- [GIVEN DATA]
++++++

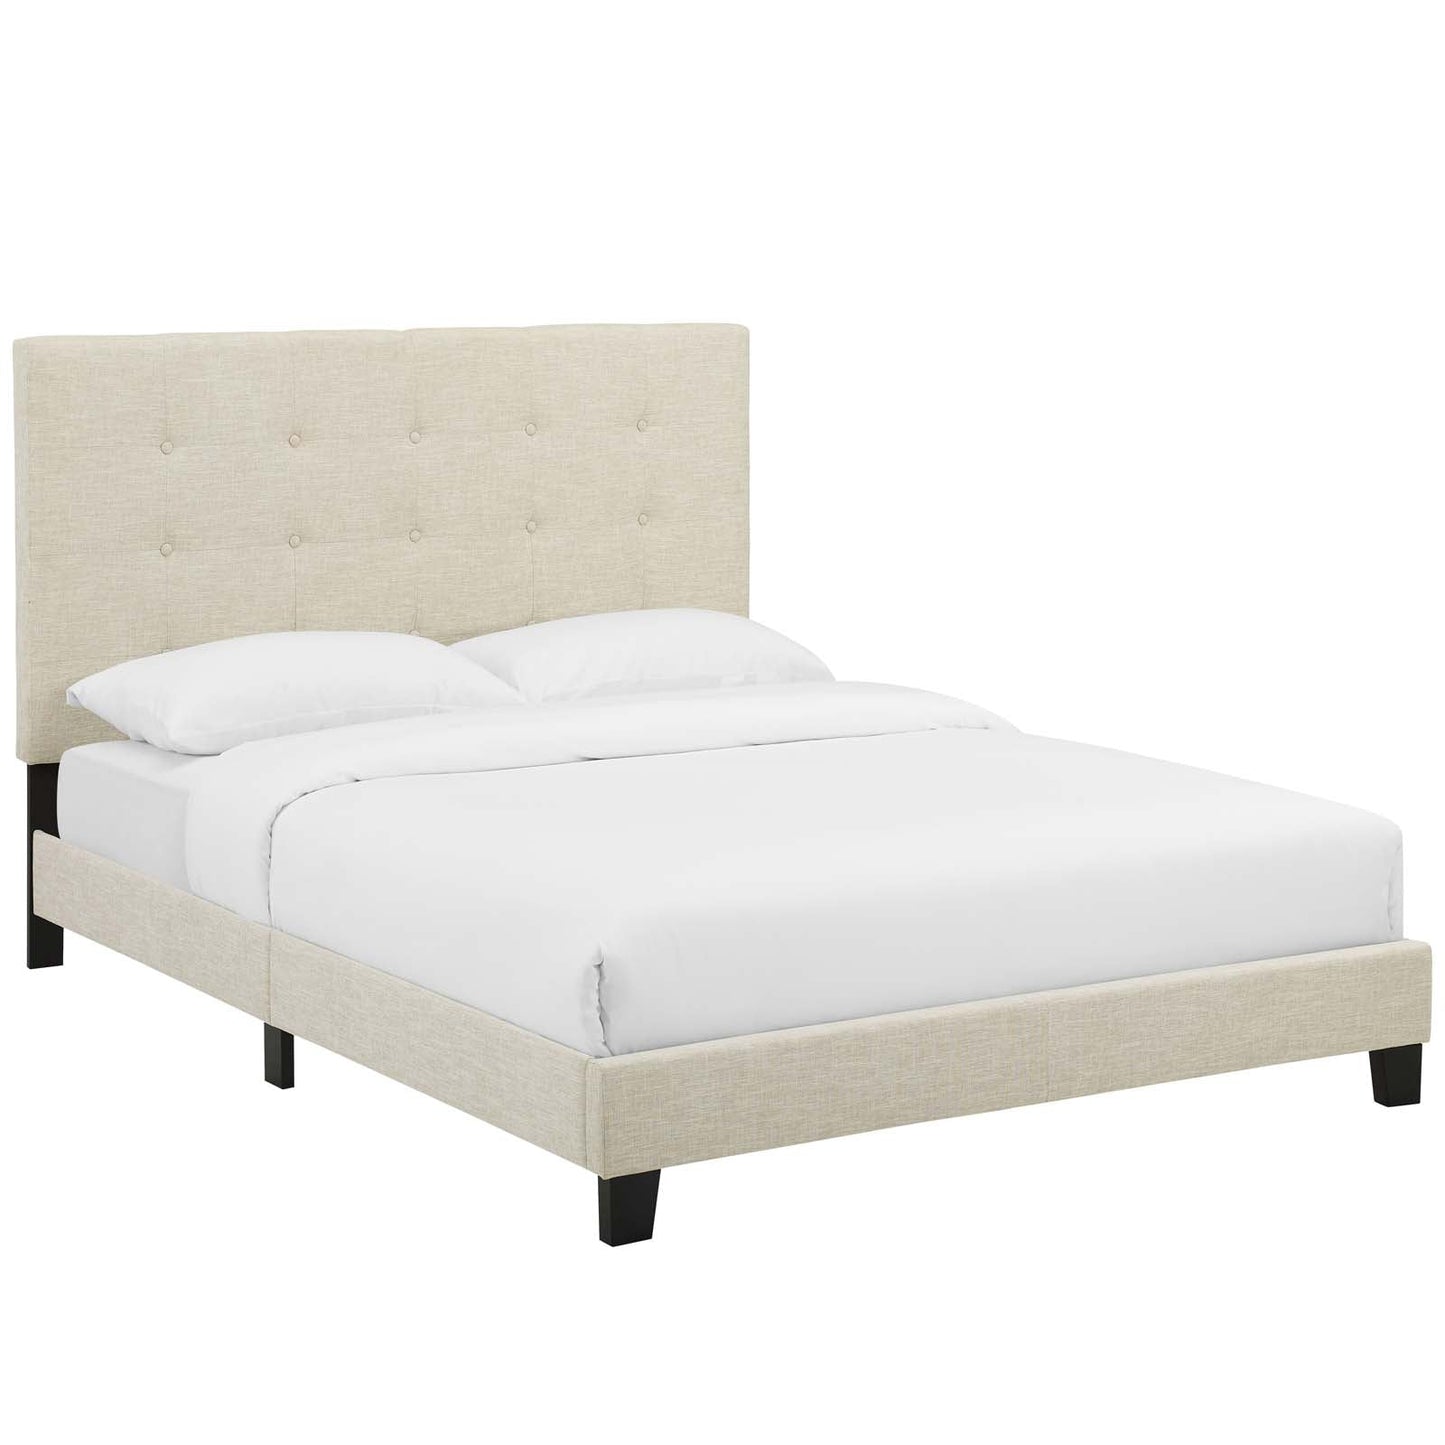 Modway Beds & Bed Frames King / Beige Melanie Tufted Button Upholstered Fabric Platform Bed MOD-5994-BEI
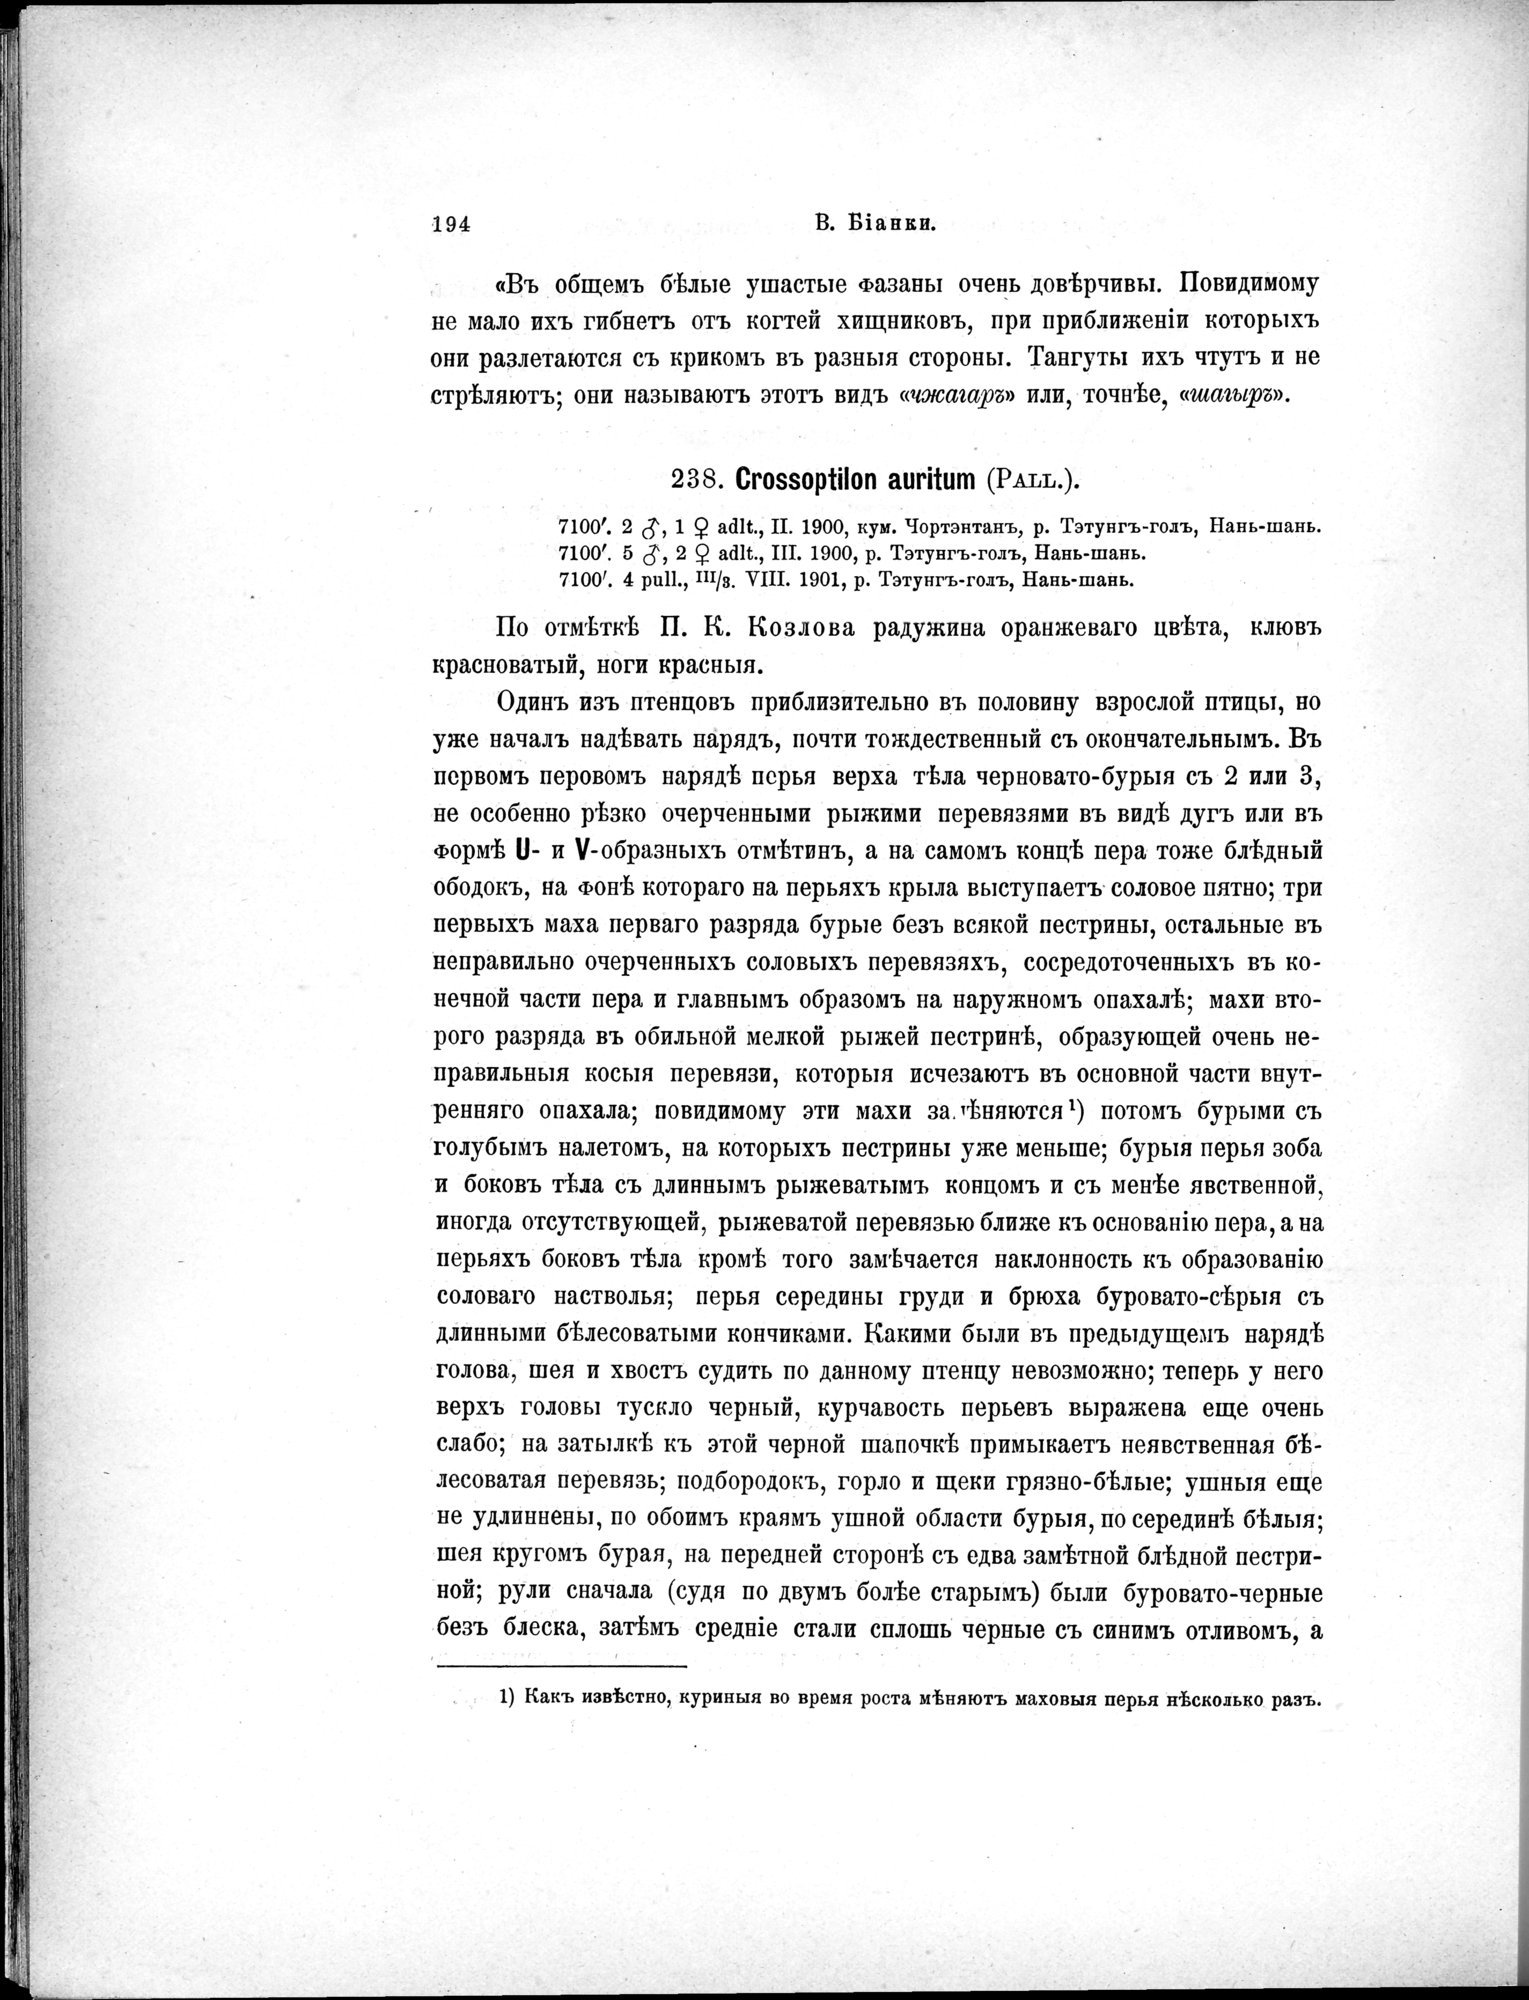 Mongoliia i Kam : vol.5 / Page 266 (Grayscale High Resolution Image)
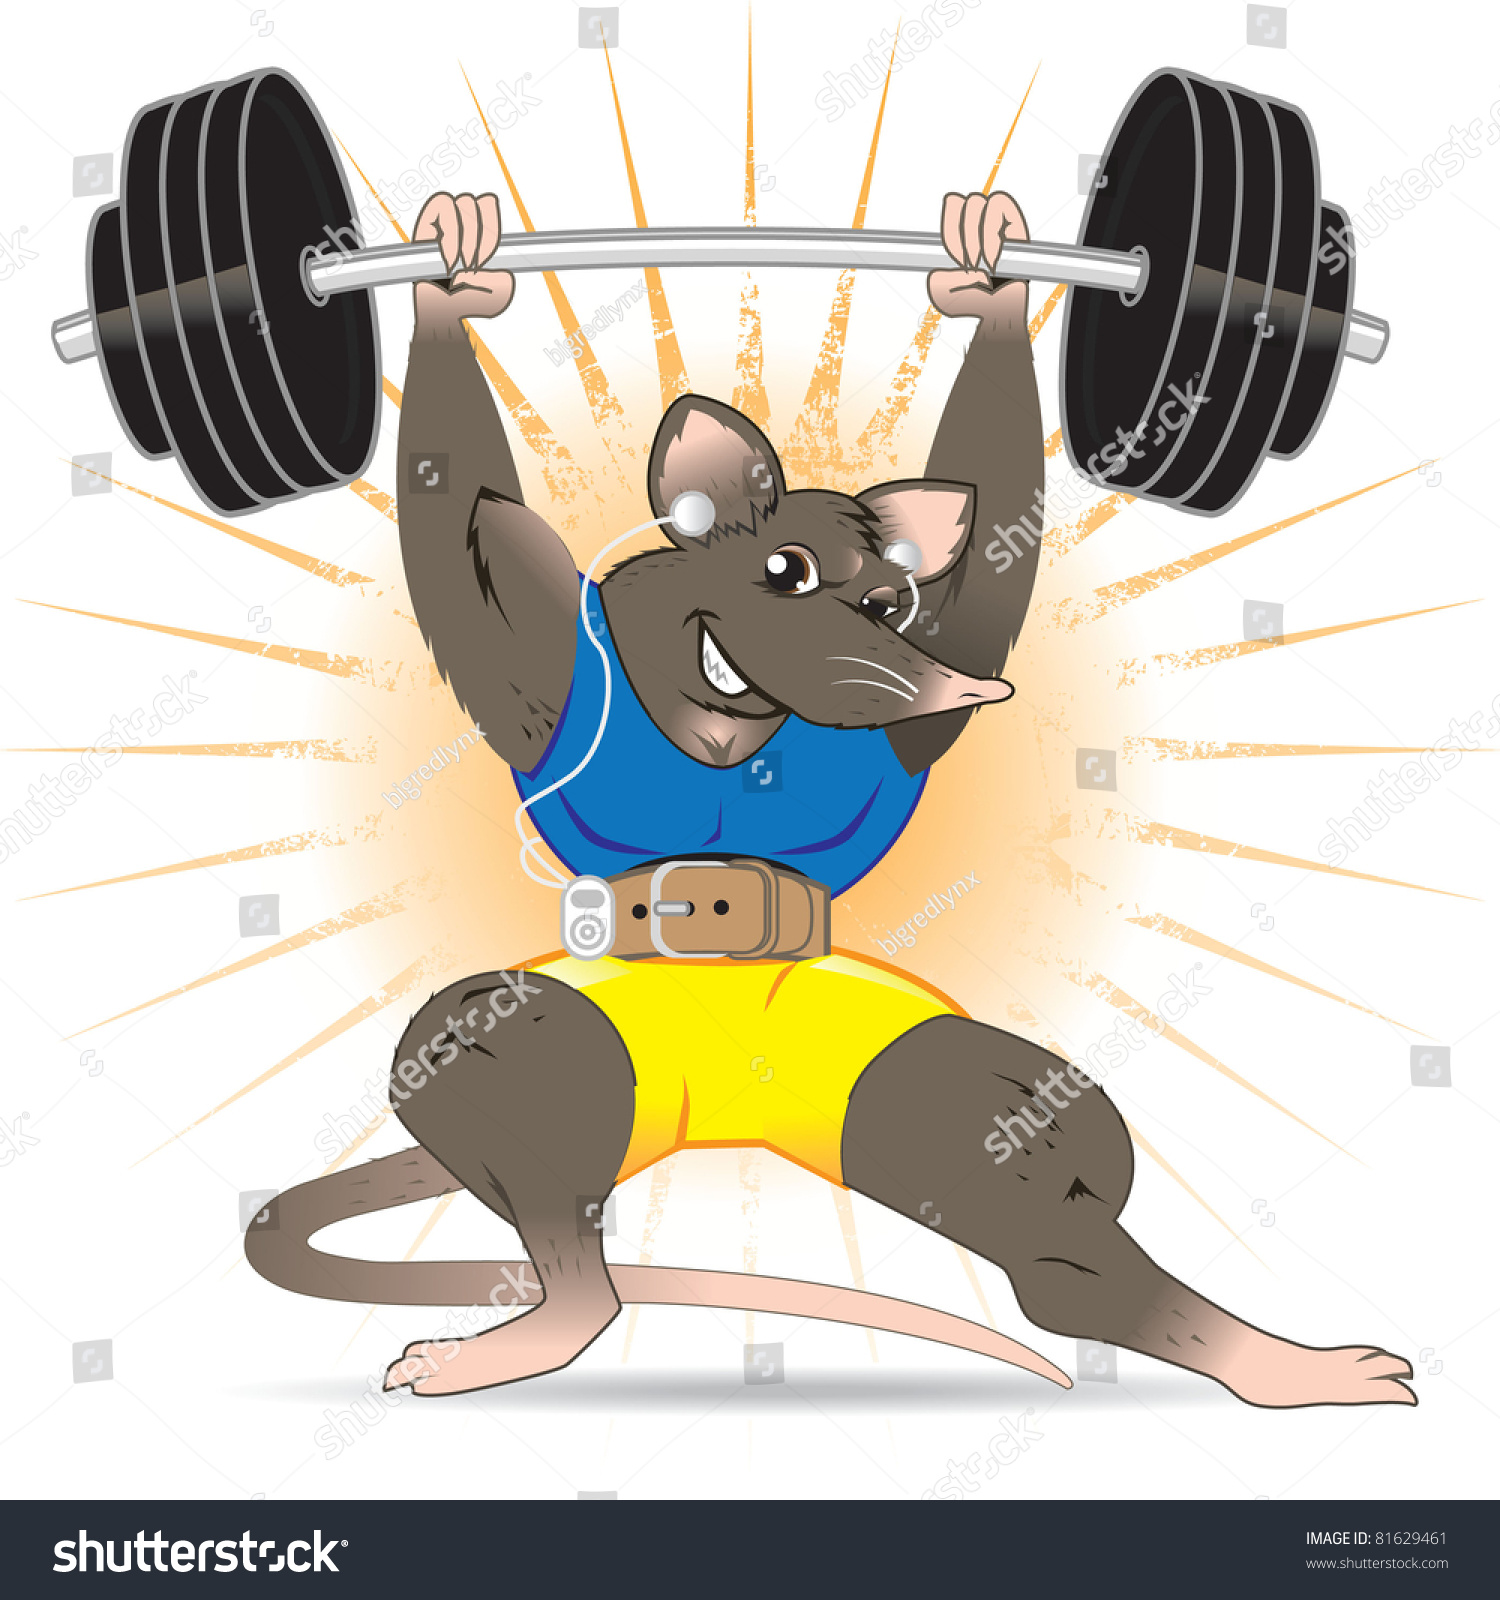 Gym Rat: vector de stock (libre de regalías) 81629461 Shutterstock.

++++++

- [WHAT TO PRODUCE] What the task needs is the material above repeated exactly, pictures excepted.

- [OUTPUT]
 Modway Beds & Bed Frames King / Beige Melanie Tufted Button Upholstered Fabric Platform Bed MOD-5994-BEI
 Mongoliia i Kam : vol.5 / Page 266 (Grayscale High Resolution Image)
 Gym Rat: vector de stock (libre de regalías) 81629461 Shutterstock.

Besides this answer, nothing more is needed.